The S5 IS, in common with most higher end PowerShots, can appear a little daunting at first glance - there is hardly a square inch of body space that isn't covered in buttons and switches. But don't be put off - unlike many cameras this means that virtually all the most commonly accessed shooting features get their own dedicated buttons, so you don't need to enter the on-screen menu system every time you want to change a setting. The sheer number of external controls is also an indication of sophisticated functionality on offer.
Rear of camera
The main 'digital' controls - those concerned with activating and navigating on-screen menus - are found on the rear of the camera, ranged around and to the right of the swing-out-and-tilt 2.5" LCD. Some of the buttons have a dual function according to whether you are in recording or playback mode, and there is one that is still unique to the this range (and the faux camcorder model, the TX1) - the prominent movie start/stop button, which is used for stopping starting movie recording, whatever mode you're in. The almost totally redundant Print/Share button doubles as a shortcut button to which any of a number of shooting options (resolution, white balance setting and so on) can be assigned. As with most higher end PowerShot models there is a separate button for selecting the ISO setting, something we'd like to see more of on compact cameras.
Top of camera
|The right hand side of the camera (as seen from the front) houses the miniature speaker (for playing back movies and sound captions) and two controls directly related to the lens; manual focus and macro mode.|
Display and menus
Not a lot has changed here, and the interface will be familiar to anyone who has used a recent Canon Powershot.
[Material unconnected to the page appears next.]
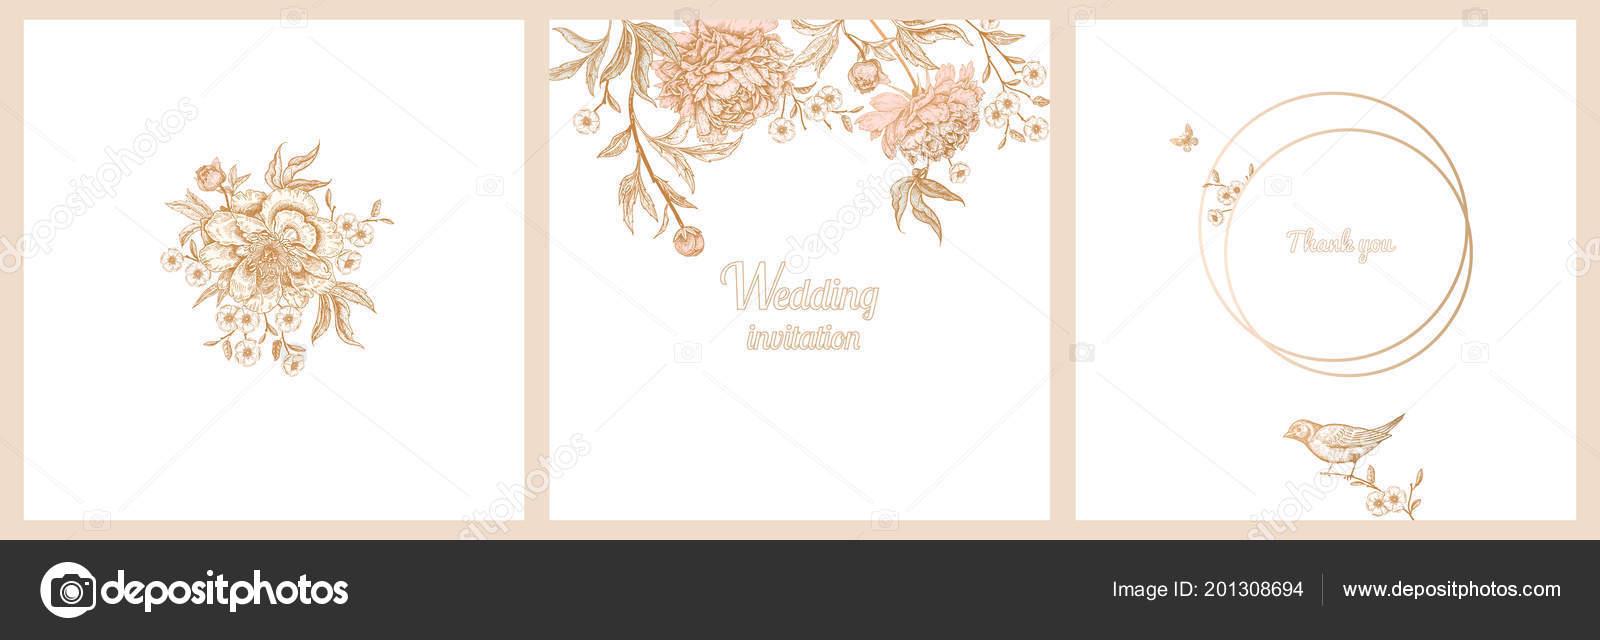 templates wedding invitations set decoration birds garden flowers

There's an awful lot to play with in the various menus, but to Canon's credit the excellent menu system and separate FUNC menu help to tame the complexity that comes with such a huge feature set.
There are a few new functions; the ISO is now displayed even in Auto ISO mode and there's an 'image inspection tool' that lets you zoom into the instant review (directly after shooting) to check focus or (if you're using Face Detection AF) jump from face to face, but the majority is carried over from the S3 IS.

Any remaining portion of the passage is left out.